CORS preflight request returning HTTP 401 with windows authentication

Question

I searched a lot on Google and Stack overflow to find a solution for my problem, but nothing worked.

Here is my problem:

• I use IIS 7 with a special programming environment called WebDEV that does not allow direct manipulation of OPTIONS HTTP method. So, all solutions suggesting some kind of server-side request handling using code are not feasible.

• I have to use Window authentication and disable anonymous access

• I have a page that uses CORS to POST to this server. As this POST should have Content-type: Octet-stream, a preflight is issued by the browser.

• When I enable anonymous access, everything works fine (CORS is well configured)

• When I disable anonymous access, the server replies with HTTP 401 unauthorized response to the preflight request, as it does not contain credentials information.

• I tried to write a module for IIS that accepts OPTIONS requests like this, but it did not work (couldn't add the module correctly to IIS, maybe)

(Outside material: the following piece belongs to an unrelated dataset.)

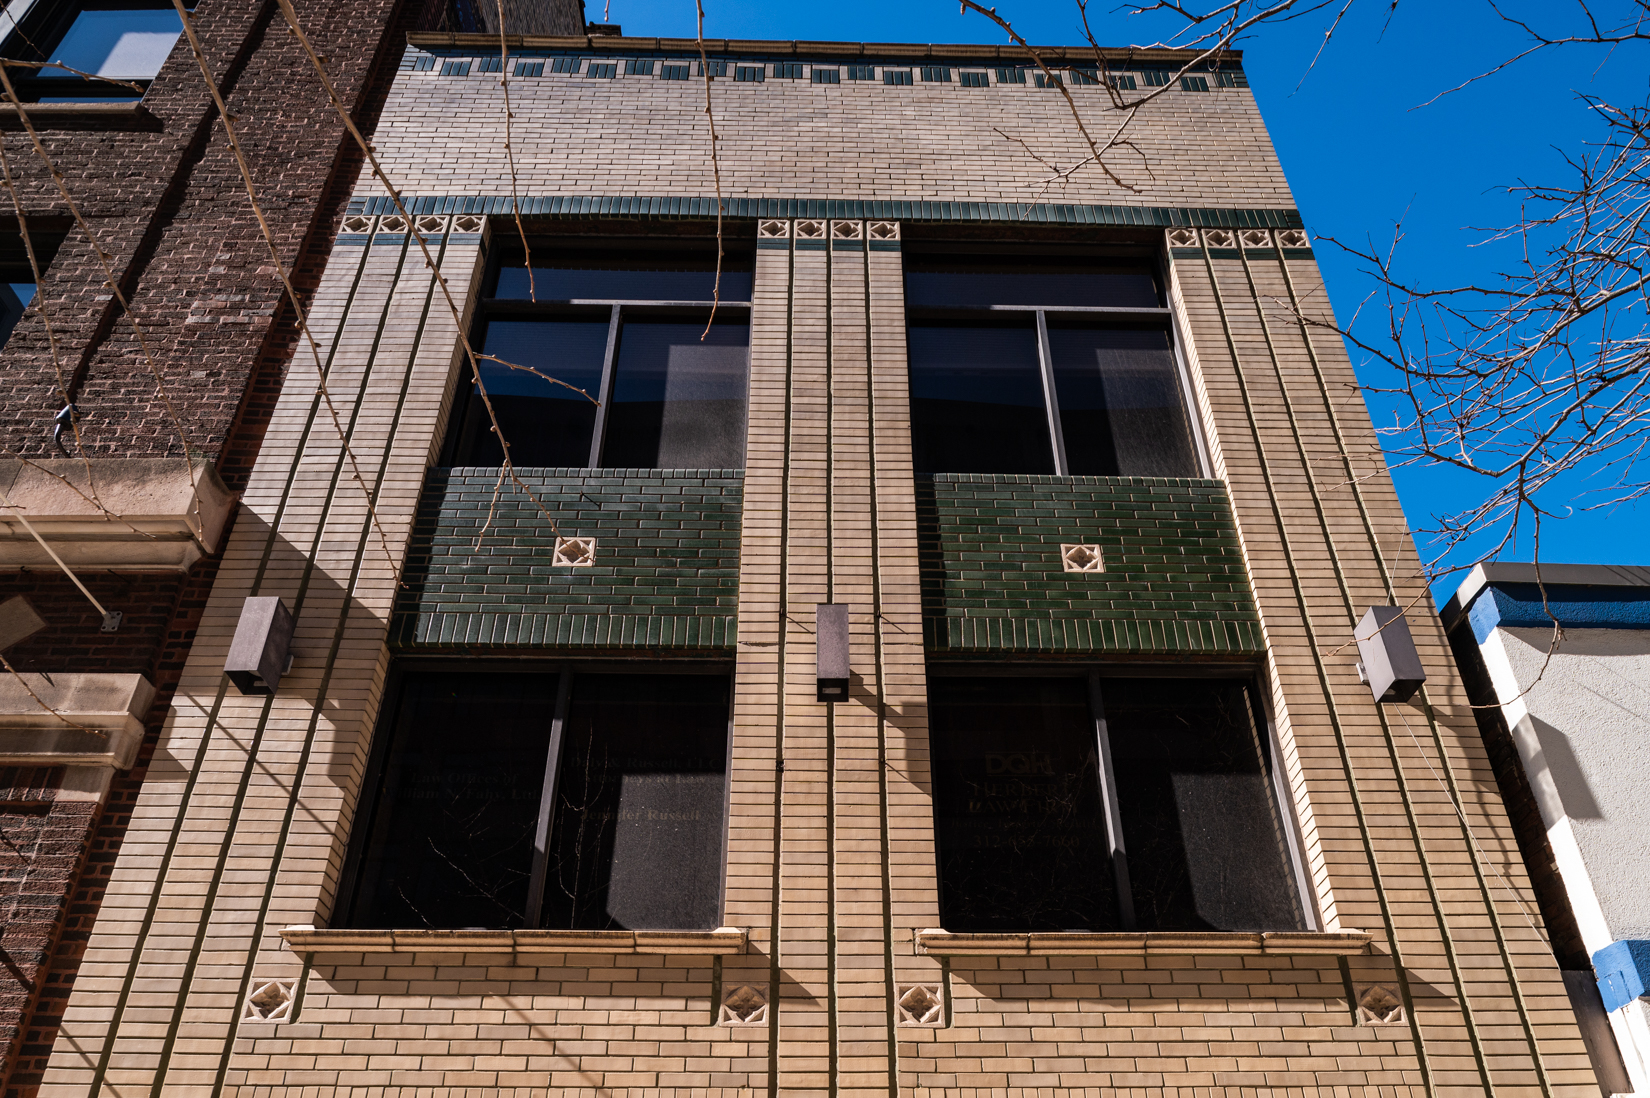 The Warehouse, Birthplace Of House Music, Is Now A Chicago Landmark

  public class CORSModule : IHttpModule
     {
  
            public void Dispose() { 
            }
  
            public void Init(HttpApplication context)
            {
                 context.PreSendRequestHeaders += delegate
                 {
                    if (context.Request.HttpMethod == "OPTIONS")
                     {
                           var response = context.Response;
                           response.StatusCode = (int)HttpStatusCode.OK;
                     }
                 };
            }
      } 
  

The question is: How can I make IIS respond with HTTP 200 to the preflight request without enabling anonymous access or writing some server-side code? Is there an easy configuration or a ready-made module for IIS to do so? At least, what are the detailed steps to install the above module into IIS 7?

Answer 1

Although this is an old thread, this following article is worth a read. There are two solutions presented - one using Authorization rules, and another using the IIS Cors module. I had the exact same problem described in this thread and both solutions worked well for me.

https://techcommunity.microsoft.com/t5/iis-support-blog/putting-it-all-together-cors-tutorial/ba-p/775331

My web.config for the API website had the following for the cors config:

<cors enabled="true" failUnlistedOrigins="true">
    <add origin="http://clienthost:clientport" allowCredentials="true">
      <allowHeaders allowAllRequestedHeaders="true" />
      <allowMethods>
        <add method="GET" />
        <add method="HEAD" />
        <add method="POST" />
        <add method="PUT" /> 
        <add method="DELETE" />   
      </allowMethods>
    </add>      
  </cors>

I had Anonymous Authenication disabled when using the Cors module solution.

Answer 2

All the answers that involve writing code, using the rewrite module, or hard-coding values in web.config were correct when they were written, but I believe the correct answer to this problem in 2020 is to use the official IIS CORS module. This will handle all the little gotchas like having to allow unauthenticated OPTIONS requests, without otherwise supporting unauthenticated users.

This related answer has some really great details about using this module, but the simplest configuration is right at the top:

  <system.webServer>
    <cors enabled="true">
      <add origin="*" allowCredentials="true" />
    </cors>
  </system.webServer>

I would certainly change the origin="*" to the specific origin you expect to use the API from. You can have more than one <add> tag, and the linked answer shows how to customize allowed headers, methods, etc. for each.

Answer 3

From AhmadWabbi's answer, easy XML pasting into your web.config:

<system.webServer>
    <rewrite>
        <rules>
            <rule name="CORS Preflight Anonymous Authentication" stopProcessing="true">
                <match url=".*" />
                <conditions>
                    <add input="{REQUEST_METHOD}" pattern="^OPTIONS$" />
                </conditions>
                <action type="CustomResponse" statusCode="200" statusReason="Preflight" statusDescription="Preflight" />
            </rule>
        </rules>
    </rewrite>
</system.webServer>

Answer 4

Here is the solution that uses "URL Rewrite" IIS module. It works perfectly.

1- Stop IIS service (maybe not necessary)

2- Install "web platform installer" from https://www.microsoft.com/web/downloads/platform.aspx

3- Go to "Applications" tab and search for "URL Rewrite" and download it

4- Install this hotfix KB2749660 (maybe not necessary)

5- Open IIS configuration tool, double click "URL Rewrite"

6- Add a new blankrule

7- Give it any name

8- In "Match URL", specify this pattern: .*

9- In "Conditions", specify this condition entry: {REQUEST_METHOD} and this pattern: ^OPTIONS$

10- In "Action", specify: action type Personalized response, state code 200, reason Preflight, description Preflight

11- Start the server

Now, the server should reply with a 200 status code response to the preflight request, regardless of the authentication.

Remarks: I also disabled all compression, I don't know if it matters.

Answer 5

In order for your module to take precedence it will have to override any modules within IIS that may interfere. For instance, your web.config may need a or enable anonymous, and create an attribute for intercepting the traffic and filtering through as you need to.